Tipo a) conceitos-fonte →→→→→ conceitos-alvo: este continuum diz respeito a processos produ- tores de significado, relativos ao mundo extra-lingüístico, que ligam o mundo real ao mundo mental;

Tipo b) discurso →→→→→ sintaxe →→→→→ morfologia →→→→→ fonologia →→→→→ Ø: diz respeito à passagem do mundo mental ao lingüístico e, neste, de níveis de estruturação mais amplos a mais restritos, tanto no sentido paradigmático quanto sintagmático;

Os advérbios são bastante interessantes, quando estudados do ponto de vista da Gramaticalização, pois a classe é considerada categoria intermediária, ponto de passagem diacrônica de nomes, adjetivos, verbos e talvez outras categorias do “patamar” do léxico para o “patamar” da gramática, admitindo-se, em princípio, uma separação entre esses dois conjuntos de elementos lingüísticos. E, dentre os advérbios, parece razoável supor que os espaciais e temporais sejam prototípicos, para a maioria dos falantes, admitindo-se aqui o conceito de categoria lingüística prototípica, segundo o qual, sendo a língua, ao mesmo tempo, produto da cognição humana e instrumento de utilização cotidiana, é espelho de habilidades mais gerais, uma das quais é, precisamente, a capacidade de categorização. Com efeito, estudos relativos à cognição humana, admitem, pacificamente, que a noção de que um elemento pertence a uma dada categoria é uma noção psicologicamente muito real ( cf., por exemplo, Rosch, 1975, apud Taylor, 1992: 43). Sendo a língua um sistema simbólico convencional, impõe, portanto, a seus usuários, um conjunto de categorias, que reflete, não só as repartições do mundo, mas categorias que se reconhecem no próprio material que se utiliza. Para esse processo é crucial a noção de protótipos, entendidos como membros centrais, exemplares, da categoria, aos quais se associ- am membros periféricos.

Para a teoria da Gramaticalização, associa-se a esse entendimento do processo de categorização, como instrumental de fundamental importância, a compreensão do mecanismo da metáfora, pensada em termos de Lingüística Cognitiva, ou seja, considerando que as línguas naturais se estruturam em paralelo ao desenvolvimento do processo de cognição, processo mental primitivo, formulando conceitos básicos que modelam, por projeção, outros conceitos, tornando-se motores de expressões lingüísticas de variados níveis de abstração.

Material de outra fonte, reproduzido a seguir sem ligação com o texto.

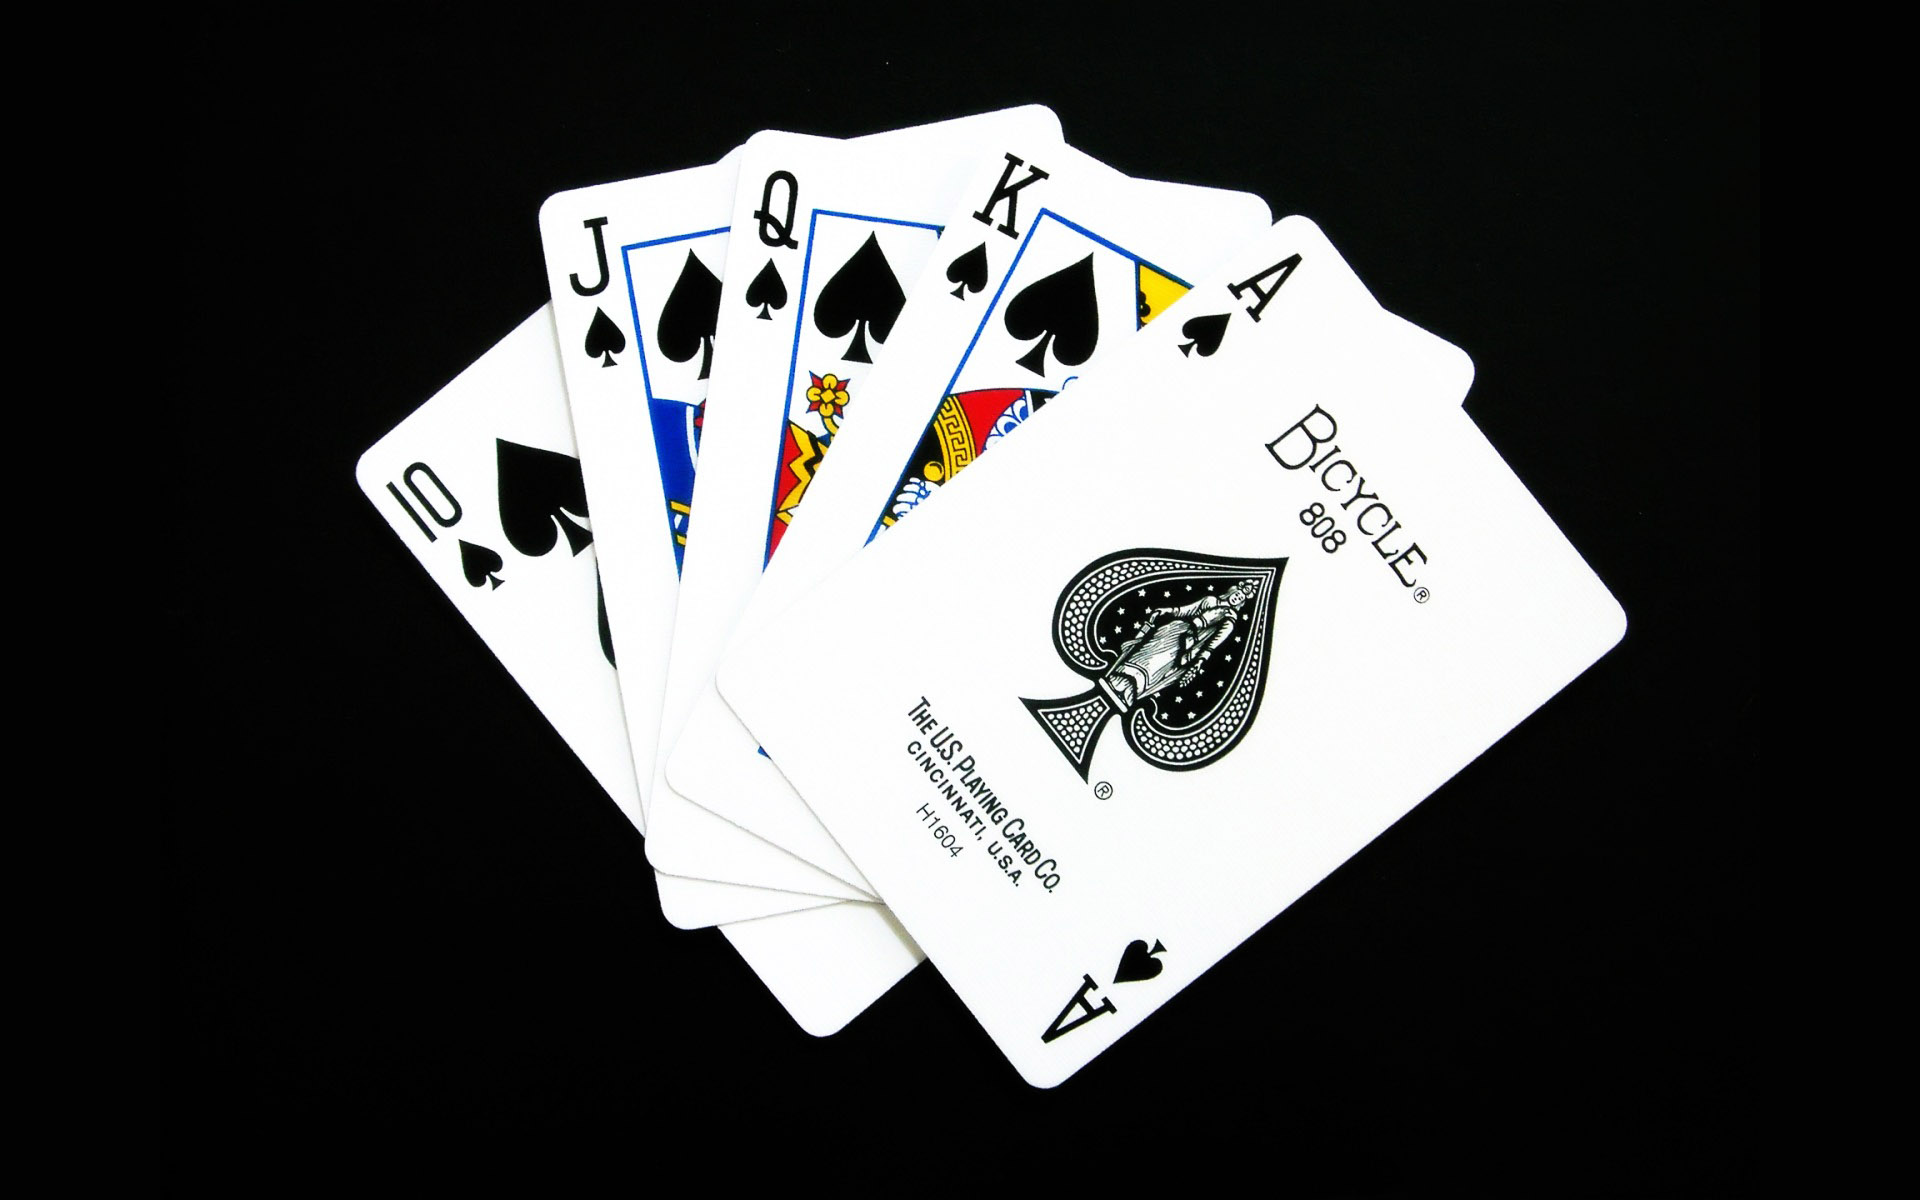 Card casino black casino gambling jack roulette

A partir desses pressupostos, explora-se a fronteira possível, que torna contíguas, cognitiva e, por conseqüência, lingüisticamente, as noções de tempo e espaço. Lembre-se, por exemplo, a hipótese de interpretação semântica das línguas denominada Localismo, assumida por Lyons (1980 [1978]), Hjemslev, Pottier e Anderson (Heine, Claudi e Hünnemeyer, 1991: 113), para a qual as expressões espaciais são mais fundamentais, cognitiva, lexical e gramaticalmente, que diversas outras espécies de expressões não-espaciais, porque servem de modelo estrutural para essas outras. A hipótese localista foi absorvida e ampliada pela Semântica Cognitiva, teoria que postula, segundo Pires de Oliveira (1999: 309-310), não serem as línguas naturais que se cons- troem sobre uma pré-existente estrutura lógica, mas ser a lógica que se estrutura através da linguagem natural, o que chama a atenção para a importância de ser entendida a metáfora como “um processo cognitivo ubíquo”, contrariamente ao entendimento de certas abordagens, que a tratam como um desvio.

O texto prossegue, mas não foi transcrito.